Plooit deze hemellichamen in al haar gedaantes
boven de elecktrische hartslagen van de stad
met zijn kleurrijke bars en stijlvolle dansvloeren.
Boven de lachende bossen en de donkerblauwe zoutwoestijnen spelen ze maar theater.
Ze vermaken patiënten die enkel vrij kunnen zijn met fantasie.
Zij dansen met de Poolster in de leegte. Zij geven magie.
Onder de zieken hun huid bonkt een tamboerijn.
Ze ontbinden als rotte perzikken in hun hemelbed,
in een kale kamer, met om hun ingezakte hals een ketting van Toermalijn.
Spirituele met hun oer rituelen kruipen in schaduwen.
Ze woelen als bacteriën in de oksel van de stad.
Met ziekenhuisnaalden laten ze de schreeuwende kleuren van Van Gogh zien.
Zij maken van afvoeren die naar riolen leiden een bloedbad.
De maan neuriënd, de zon toont haar gouden ogen. De stad ontwaakt.

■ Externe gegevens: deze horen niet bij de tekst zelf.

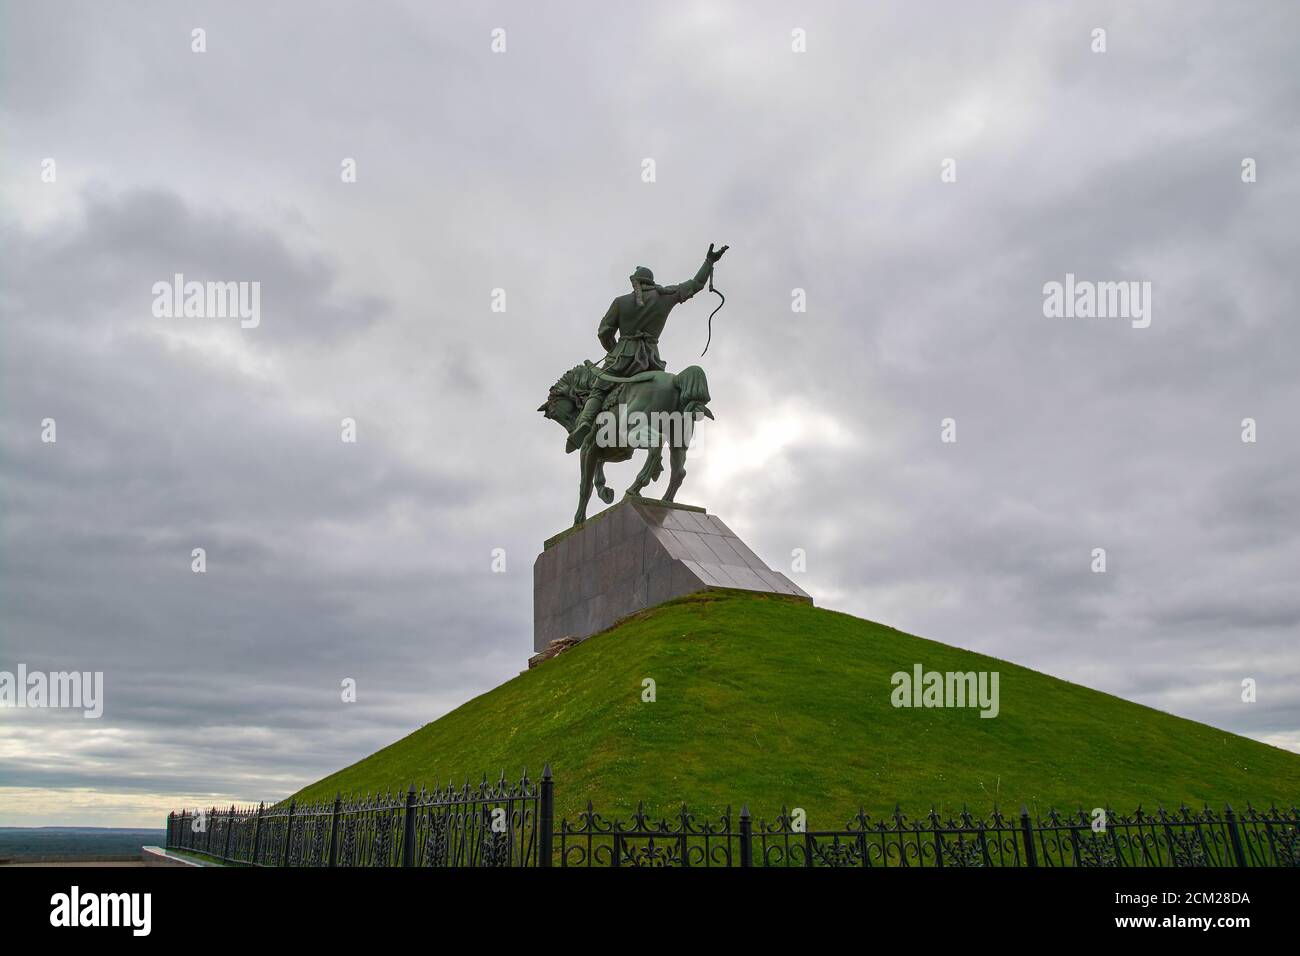 Ufa/Russia-09.01.2020:Denkmal für Salavat Julaev auf dem Hintergrund der Wolken Stockfoto
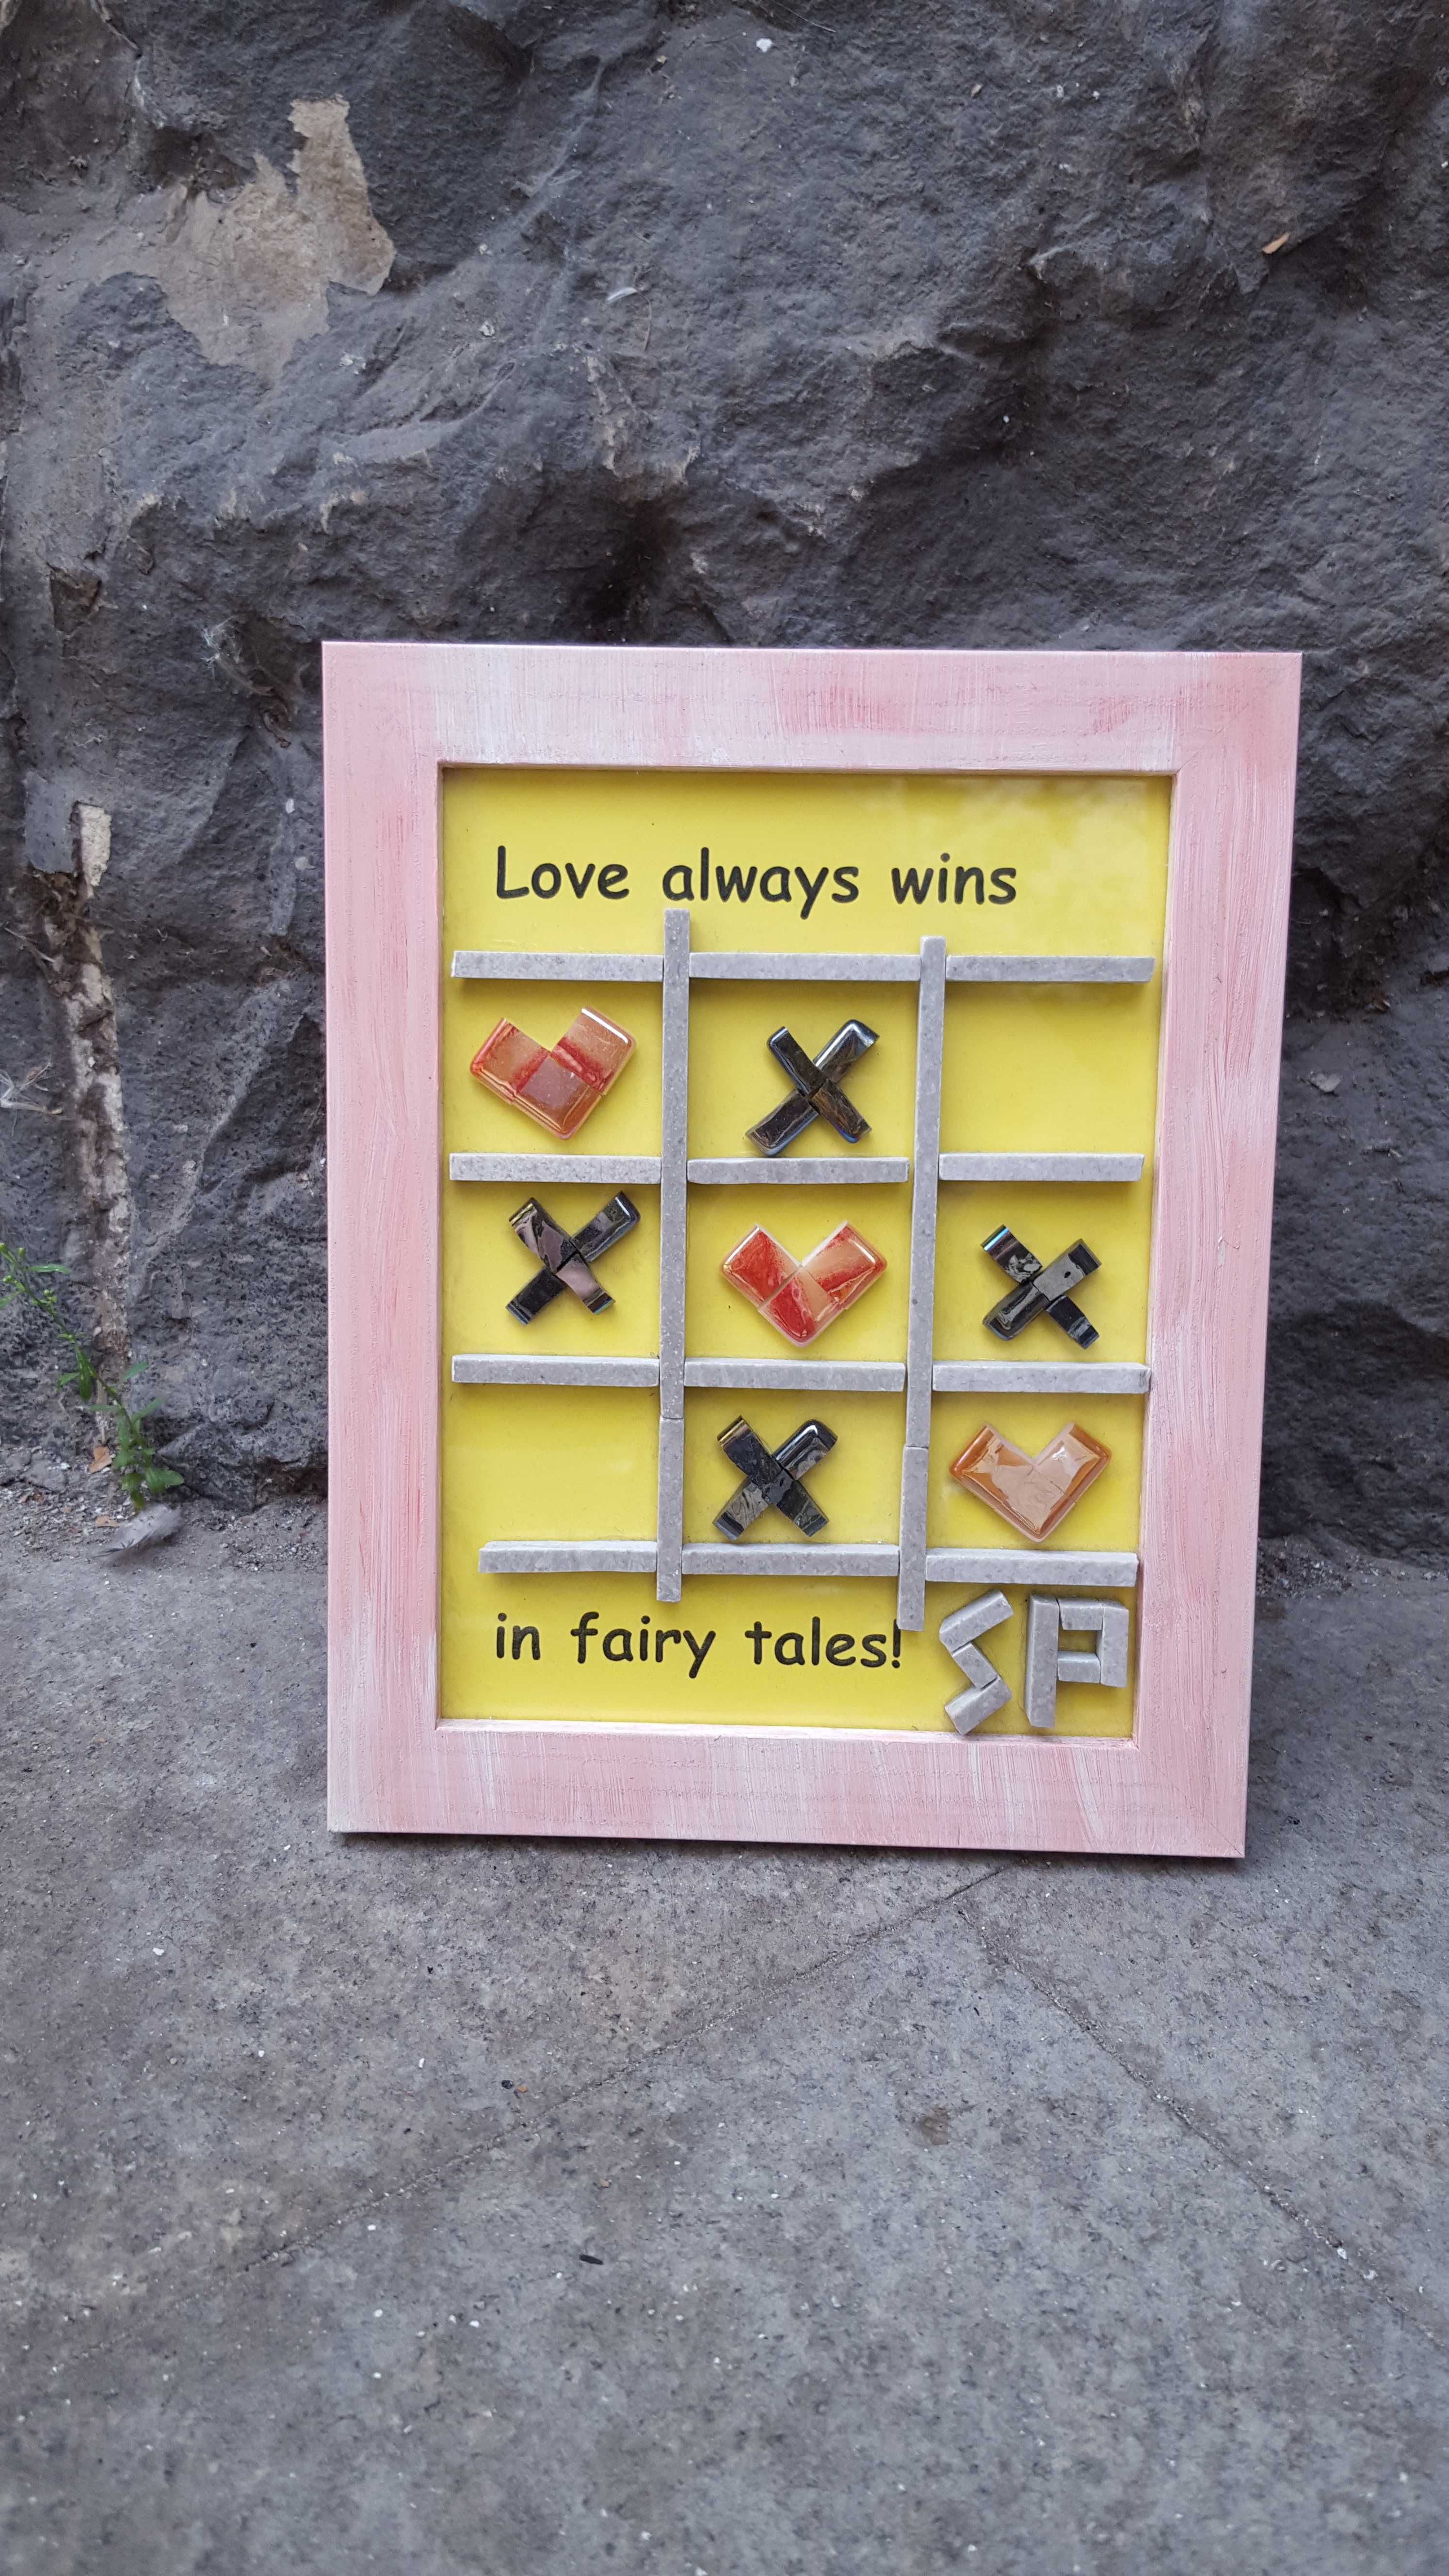 Love wins - Tablou din mozaic de sticla X si zero (inima); handmade

Afrikaanse straatvegers laten de voetpaden halfglimmen
die besmeurd waren met peuken en patat.
De vraag die we stellen: hebben we alles gedroomd vannacht?
De wierrook om onze elfenoren,
de slangenvrouwen achter het roze glas
en de voodoopoppen in onze verkrampte handen.
Straks gaan we gewoon naar huis.
We zullen er amper over praten.
Ook al zijn we elkaars legendes.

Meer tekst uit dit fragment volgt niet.